EXERCISE DETAILS> The material beneath this line should be printed exactly, with its pictures omitted.

DATA BLOCK>
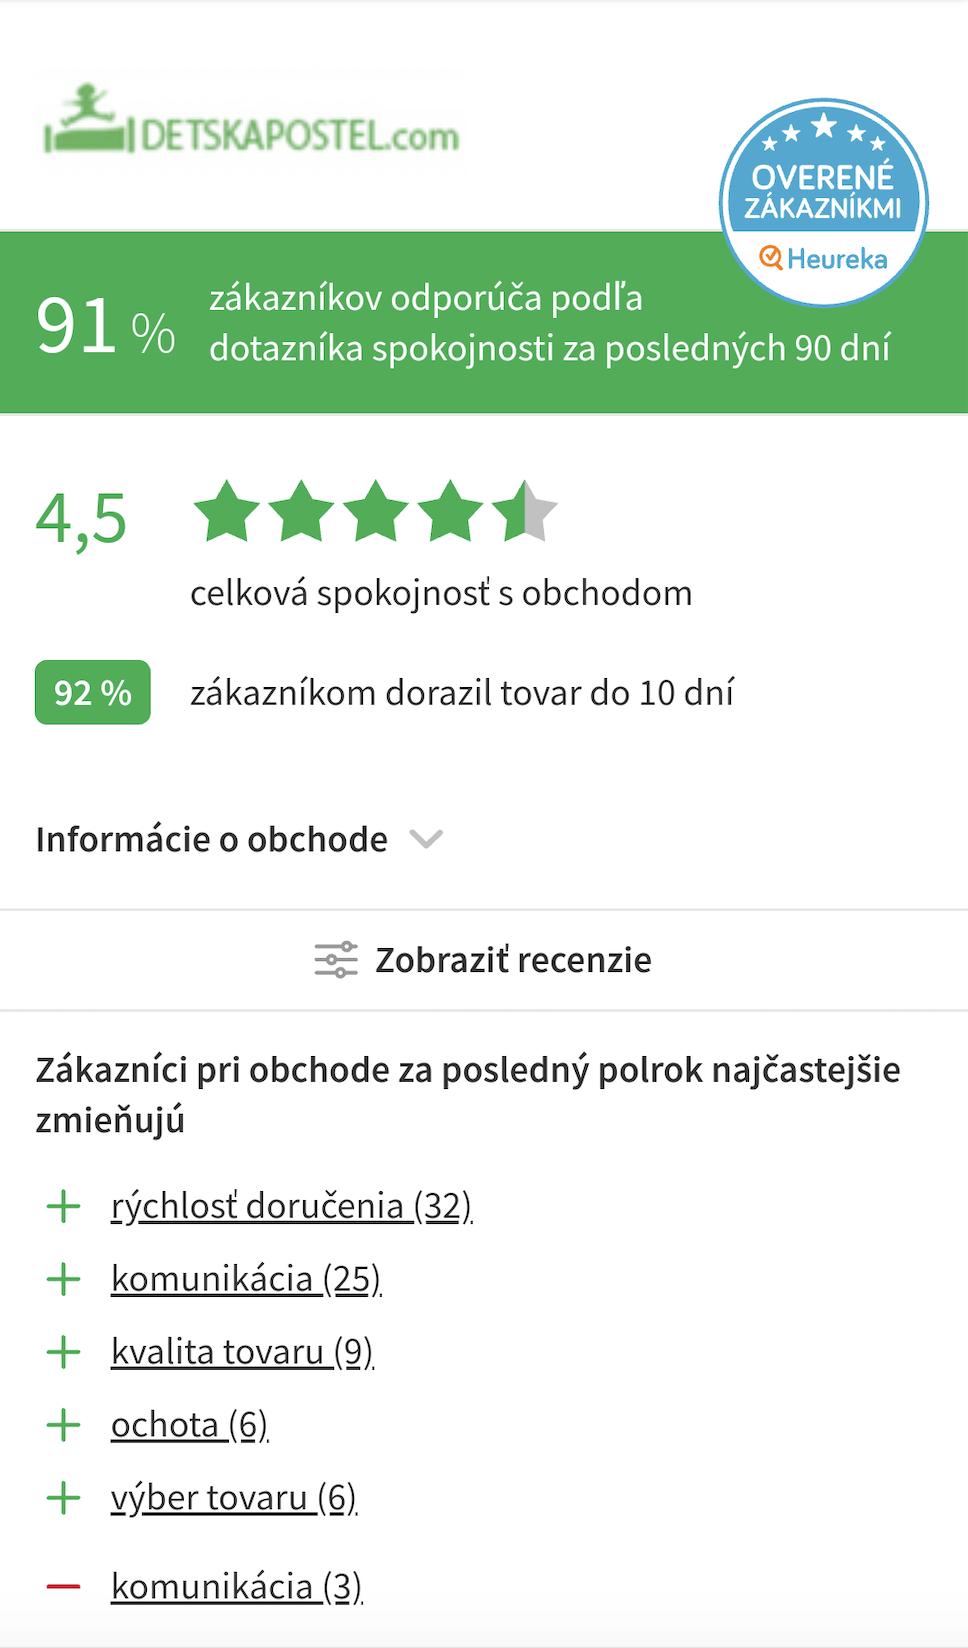 recenzie detskapostel.com - mobilná verzia
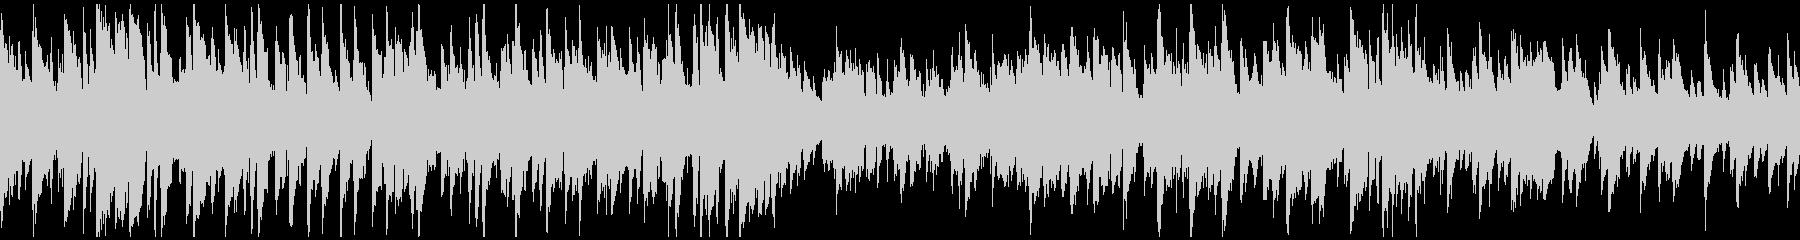 知的でスタイリッシュなジャズ ※ループ版の未再生の波形
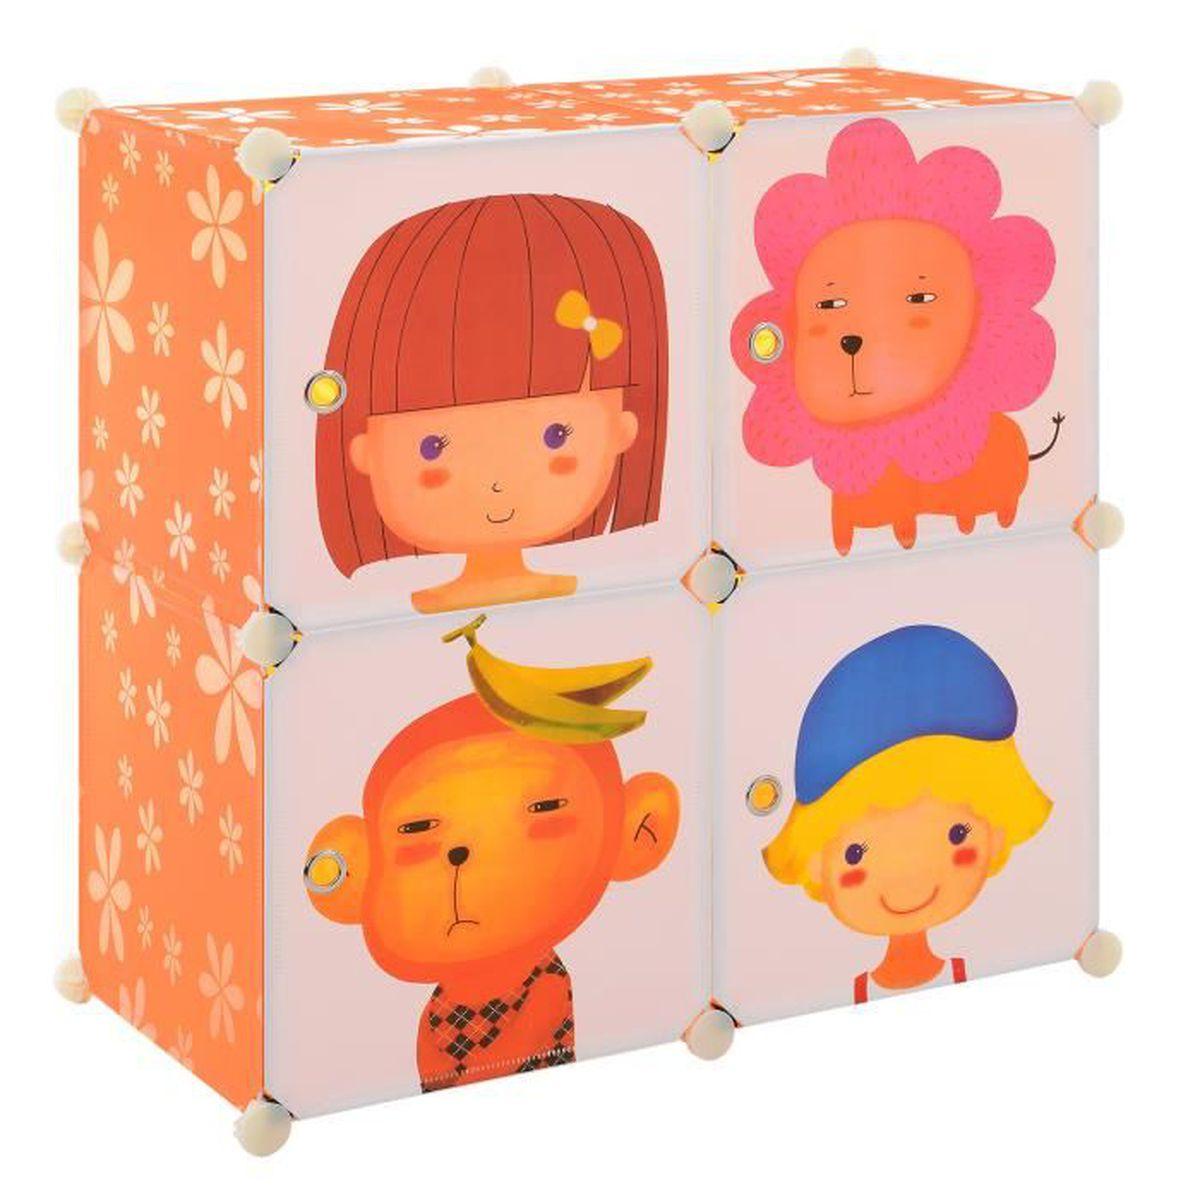 Meuble etagere enfant achat vente meuble etagere - Meuble etagere enfant ...

TASK ANSWER>
 recenzie detskapostel.com - mobilná verzia
 知的でスタイリッシュなジャズ ※ループ版の未再生の波形
 Meuble etagere enfant achat vente meuble etagere - Meuble etagere enfant ...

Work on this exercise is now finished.